*** GIVEN MATERIAL Section Begins ***

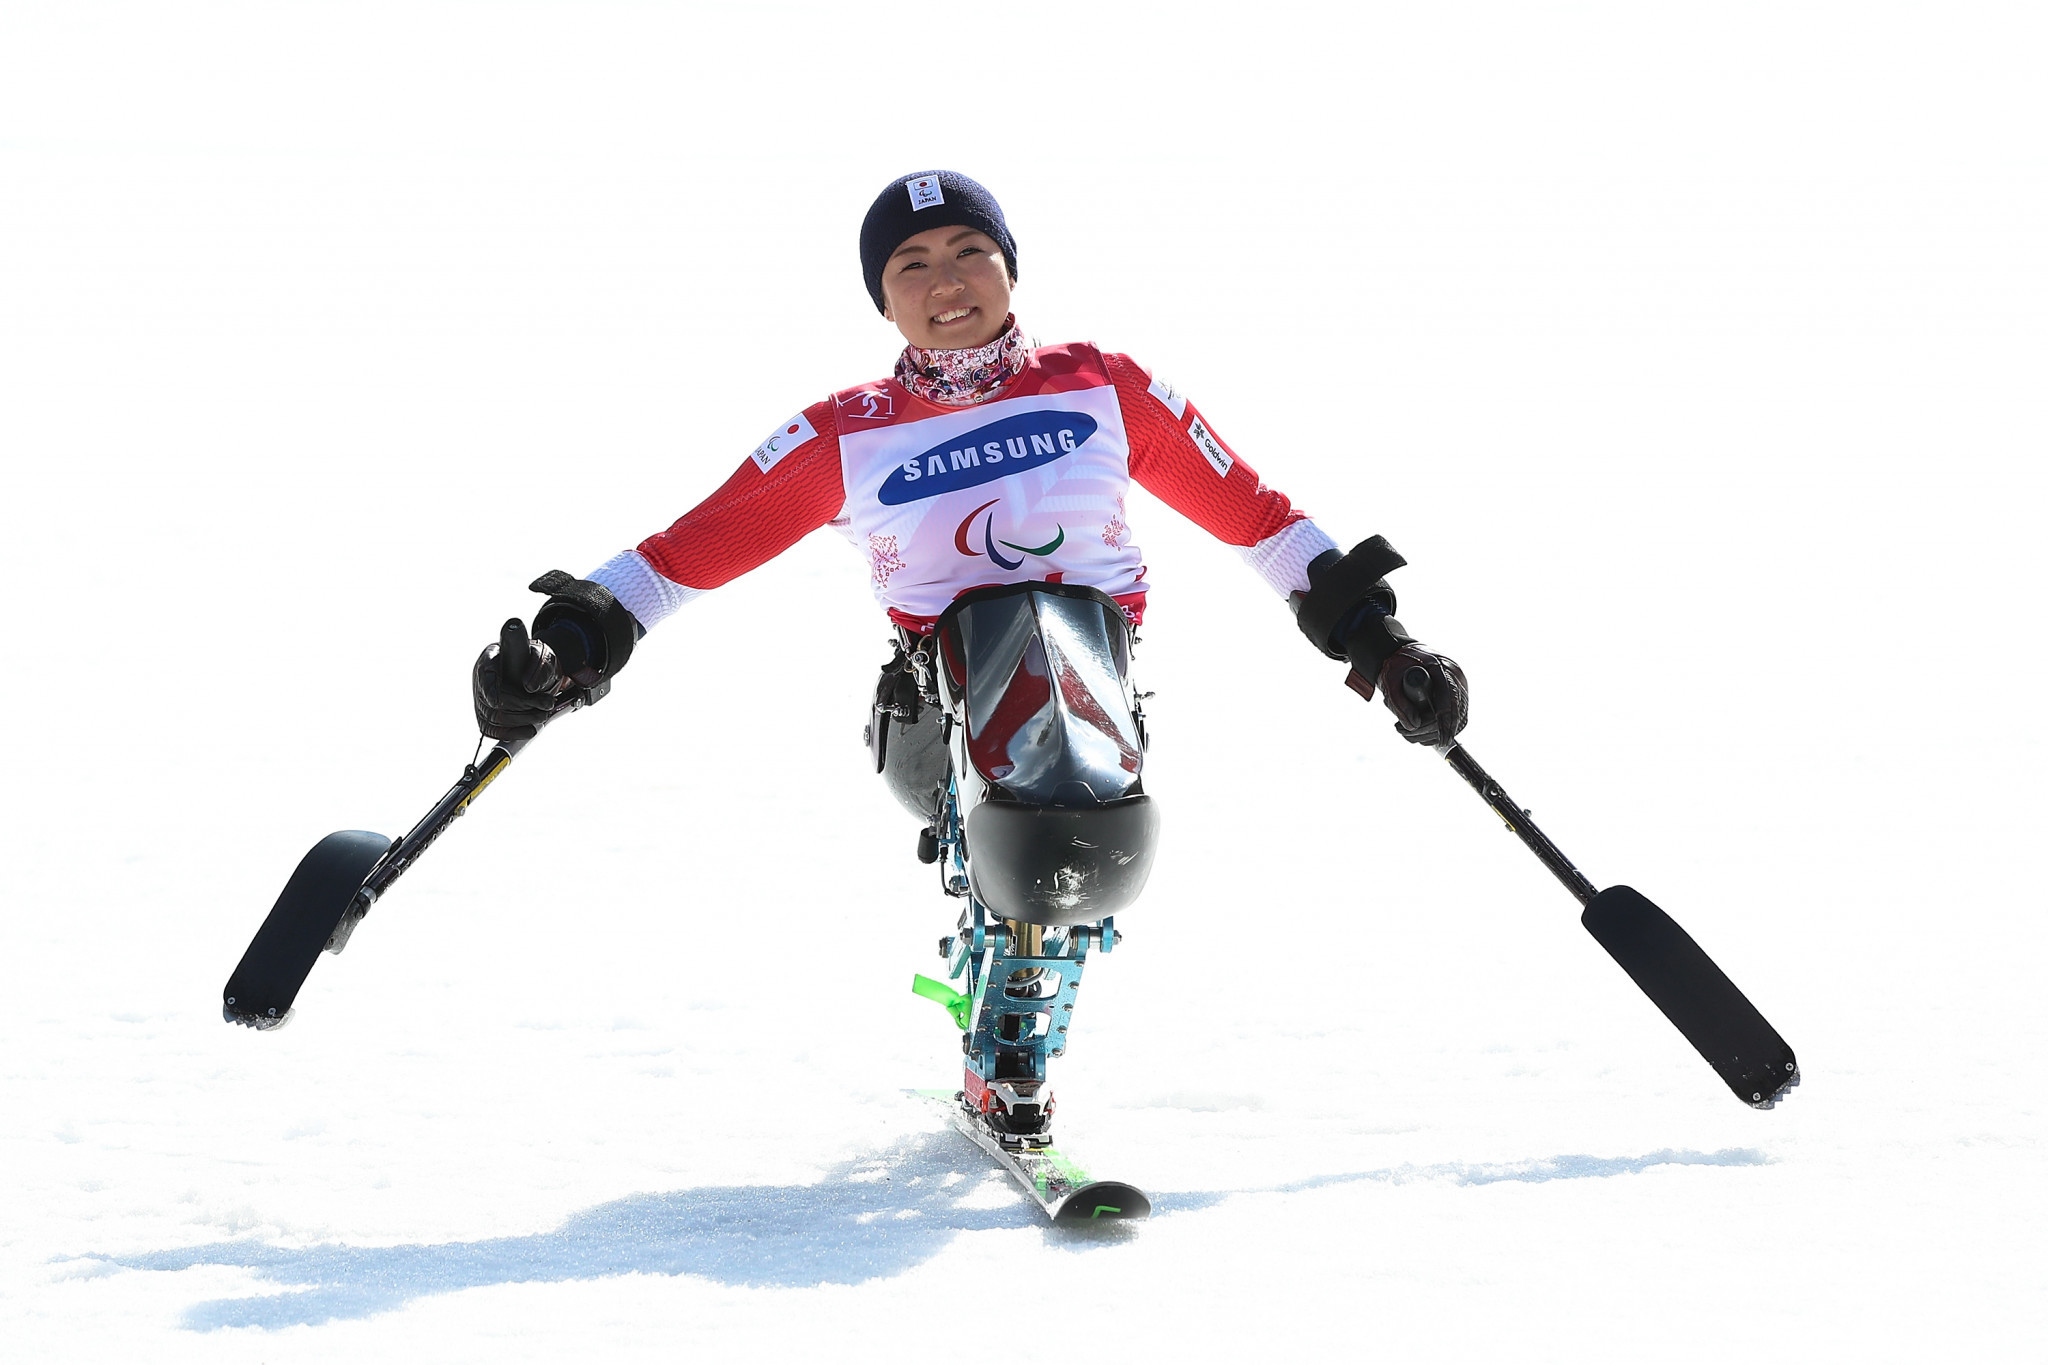 Japan's Momoka Muraoka celebrates after winning her country's first gold medal at the Games in the women's giant slalom sitting at the Jeongseon Alpine Centre ©Getty Images
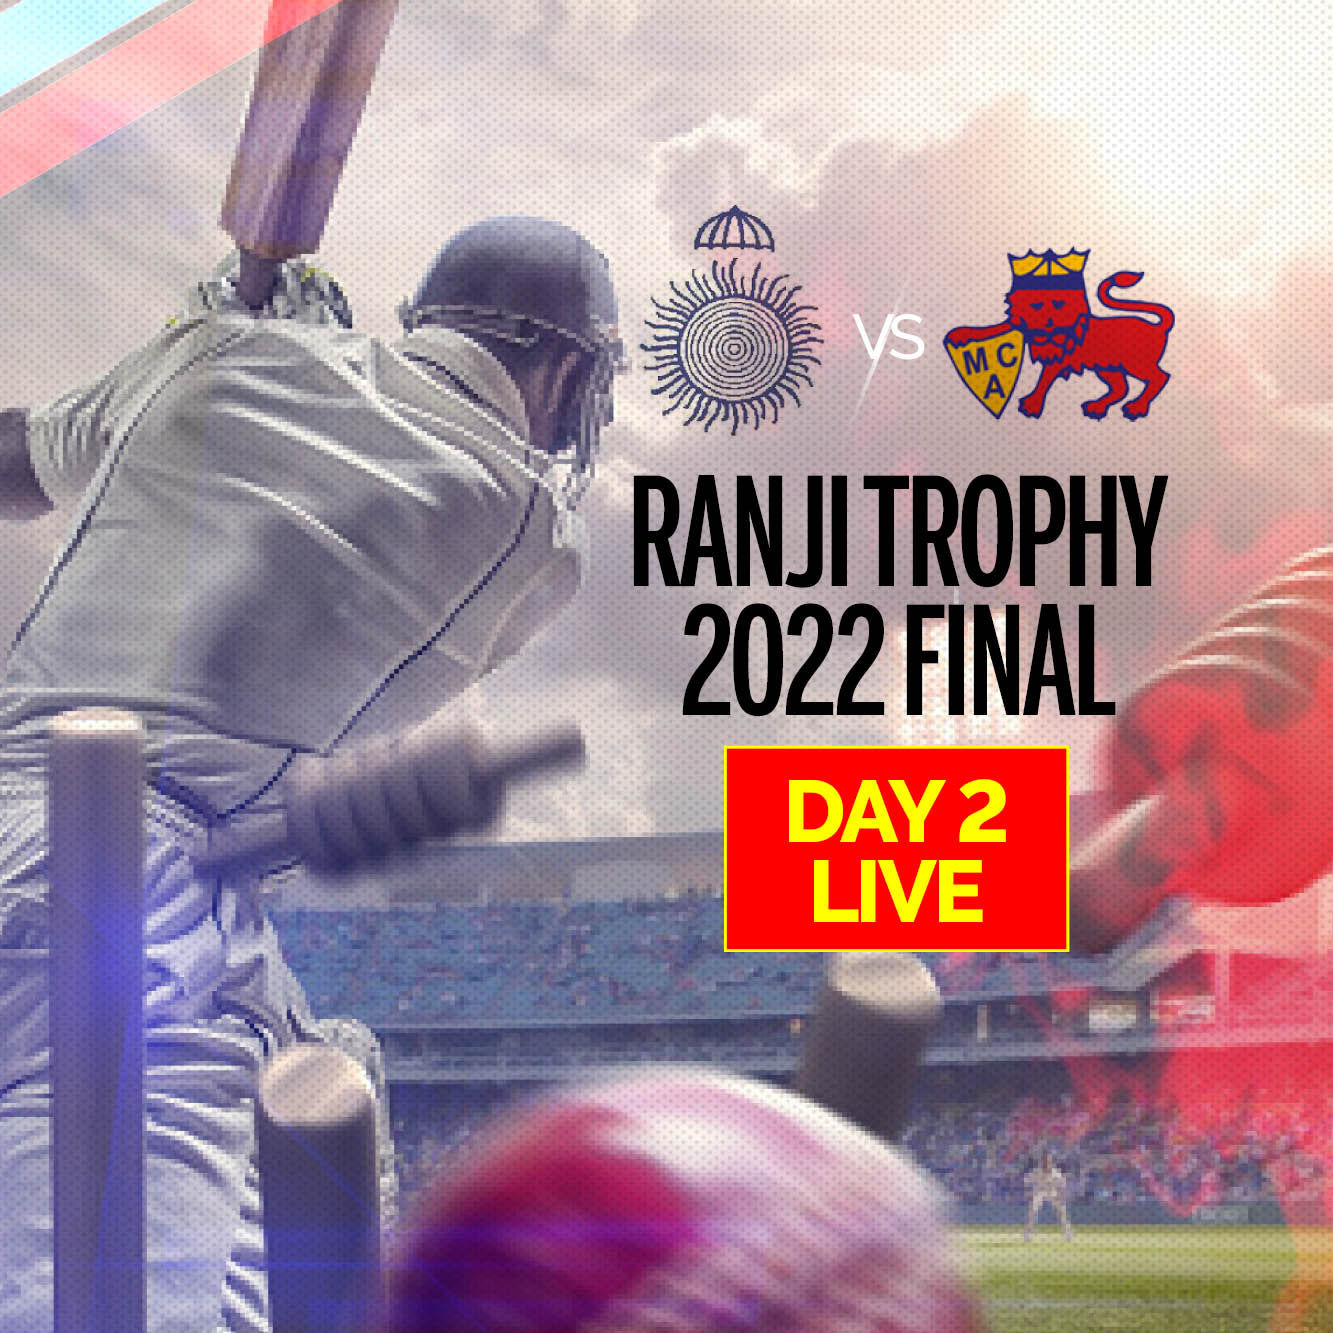 MP vs MUM, Ranji Trophy 2022 Final Day 2 Highlights MP Top Order Rises To The Challenge On Day 2
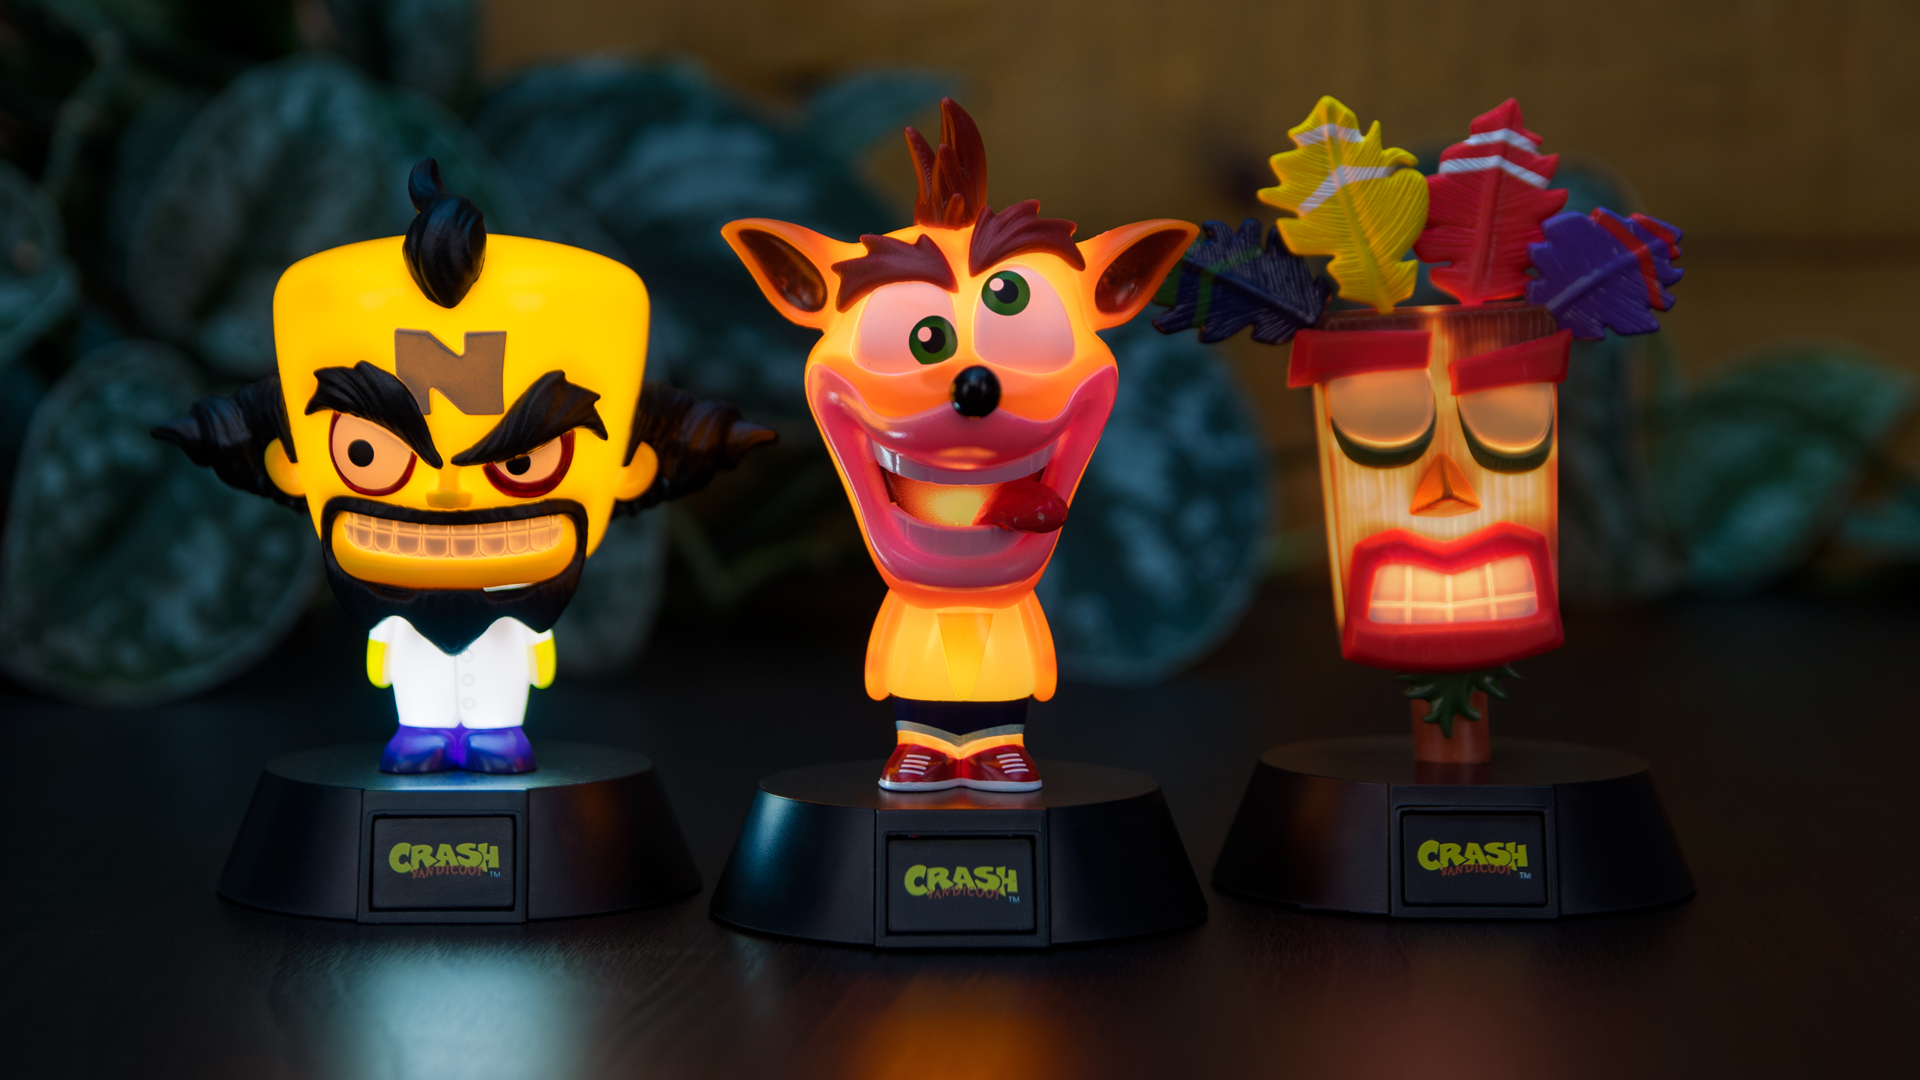 Paladone’s new Crash Bandicoot Icon Lights now available

*** GIVEN MATERIAL Section Ends ***

* _TASK BRIEF_:
Only the lines from the line containing "MP vs MUM, Ranji" through the end of the material should be retyped, exactly and in full, with no pictures.

* _ANSWER SECTION_:
 MP vs MUM, Ranji Trophy 2022 Final Day 2 Highlights MP Top Order Rises To The Challenge On Day 2
 Paladone’s new Crash Bandicoot Icon Lights now available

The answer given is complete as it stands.